Holland Park Gardens in July may be the bourgeois epitome of English summer landscape, and David Leddy’s Susurrus may be a reworking of Shakespeare’s A Midsummer Night’s Dream, but Shakespeare-in-the-garden this production is emphatically not. Sight specific as much as site-specific, Leddy’s radio-drama-cum-sonic-art-experience will play out each day to numerous (and possibly simultaneous) audiences of one. Susurrus demands that you don a headset, grasp a map and set out on a scenic stroll that will see you navigate the complicated relationships of a fictional family and a crash course in bird anatomy along with the formal paths and meadows of the garden itself. With the audio action – a fragmented collage of dialogue, narration and music – tied in to specific locations on your journey, the process is theatre at its most immersive, the fluctuating rhythms and happenings of the garden shaping each individual experience. A sell-out hit at last year’s Edinburgh Festival, the play was originally conceived for Glasgow’s Botanic Garden, and is adjusted and recorded afresh for each new location. (AC)

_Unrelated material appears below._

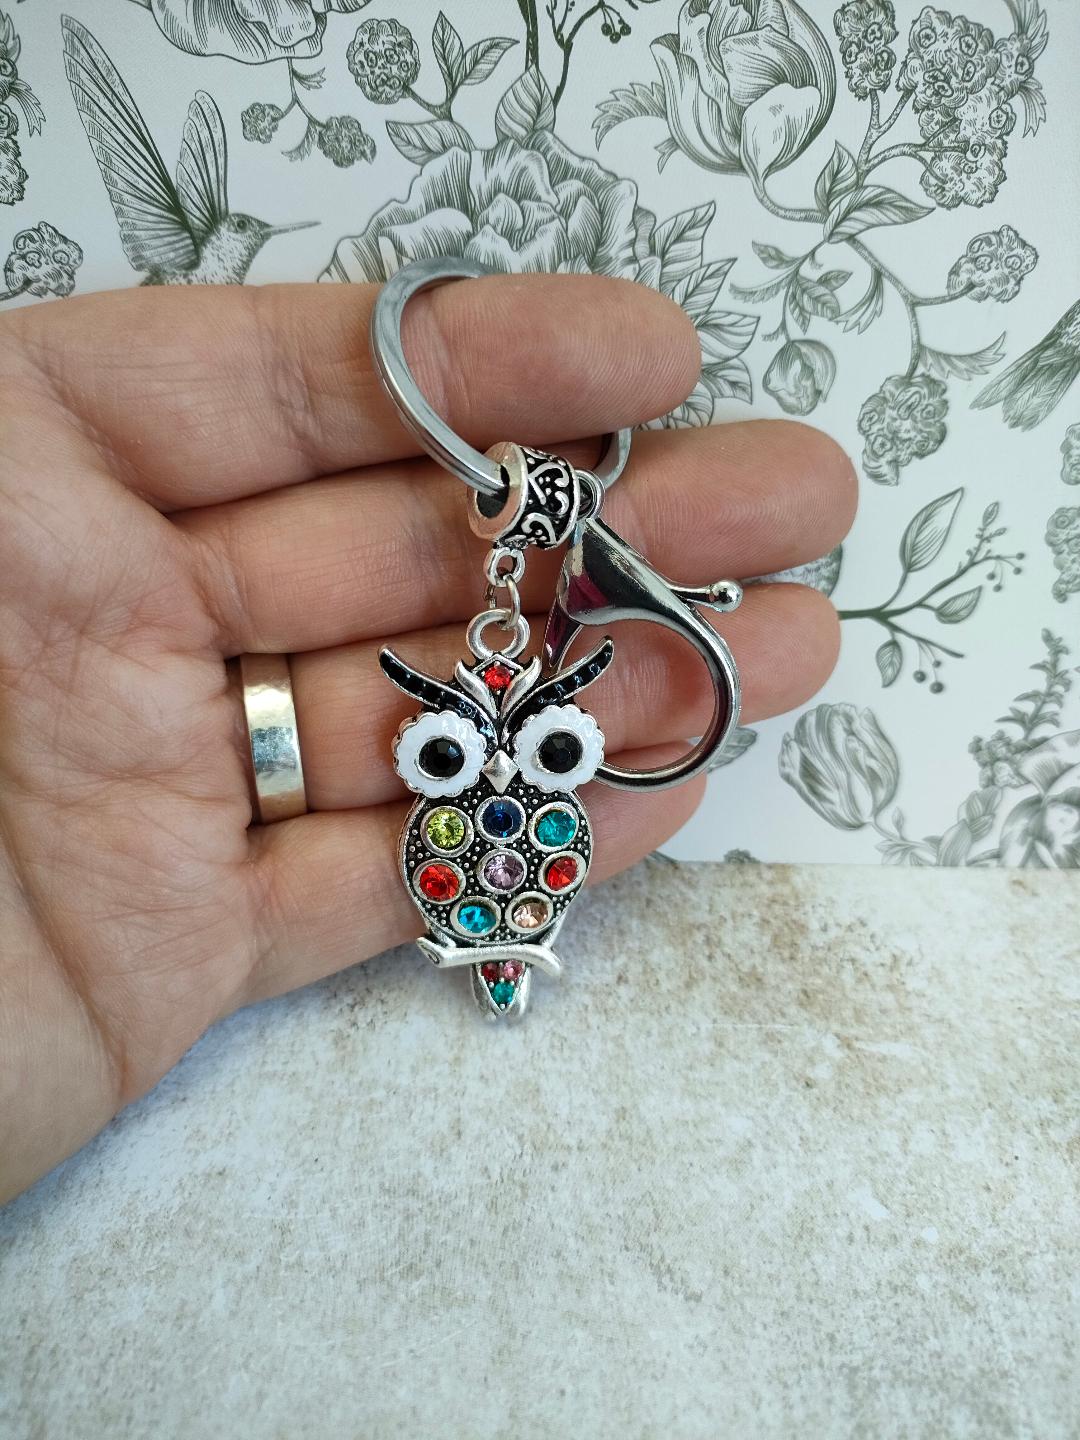 Wise Olw Keychains, Tibetan Style Owl with Rhinestones, Bird Themed Bag accessories and Keyrings

pa_prestatyn_beachThe Beach

Prestatyn seafront, National Theatre of Wales

The National Theatre of Wales, formed earlier this year, is spending the summer outside. Welsh weather is not always kind to summer visitors, so it’s a more dauntless venture than if the National Theatre of Great Britain upped sticks to Lulworth Cove for a month. The Beach has been created in collaboration with Hide&Seek, a company which designs social games. Information is scarce, but don't go along expecting a formal theatrical narrative. The signature of Hide&Seek is audience immersion. You are much less spectator than actor, though rest assured it’s not about embarrassing yourself in front of everyone else. When you turn up on the seafront of Prestatyn, with a view down the coast of North Wales and across the mouth of the Mersey, audiences will be taken on a playful journey which, according to advance reports, involves meeting characters, solving puzzles, unearthing clues and outwitting wardens. A return to the bygone pleasures of childhood in summer is evidently promised. Directed by Catherine Paskell and created by Rhiannon Cousins, Bethan Marlow and Carl Morris. (JR)

PersiansThe Persians

Brecon Military Range, National Theatre of Wales

The site-specific specialist Mike Pearson has persuaded the Ministry of Defence to let him set a play in a deserted village in the middle of the Brecon Beacons. The village was built on military terrain to allow the army to practise street combat. Pearson has chosen the oldest play of all, Aeschylus’s The Persians, which appropriately happens also to be a war play. While Kaite O’Reilly’s new version won't be drawing specific attention to contemporary parallels, it will hardly need to with the corpses of disused tanks lying about the place. Audiences will be brought in from the army camp at Sennybridge on troop trucks. The stage itself is a three-storey house with no side, used for demonstrating house-clearing techniques to soldiers sitting in an auditorium on stilts. In other words this is already a theatre here. It's just going to have a different sort of performance, and audience. The Brecon Beacons are not known for being dry or indeed always warm in August, so bring an anorak, and possibly a hipflask: there is no bar. (JR)

absoluteCity Stories

Theatre Absolute, City Arcade, Coventry

After taking over an old chippy in the City Arcade in Coventry, Theatre Absolute have become pioneers of Shop Front Theatre. There they are, in a minimalist stripped back space (the deep-fat chip pans have been thrown out and there’s no smell anymore) opposite Argos and next door to an off licence. It’s a intimate 40-seat theatre and next up is a show called City Stories by Theatre Absolute’s artistic director Chris O’Connell, which will run over the August Bank Holiday weekend. The play celebrates personalities from the city’s past, including John Parkes, an 18th-century fighter who at the time had Beckham-like celebrity status. And a piece about the Blitz. Specialising in telling stories about ordinary people in extraordinary situations, the company also have an autumn plan for "writing gym sessions", which are held over three lunchtimes for emerging writers (previous sessions in the spring were very successful), and in November they premiere a new play by O’Connell called Breathe, which comprises five monologues for women and will be performed around the various spaces in the shop. (AS)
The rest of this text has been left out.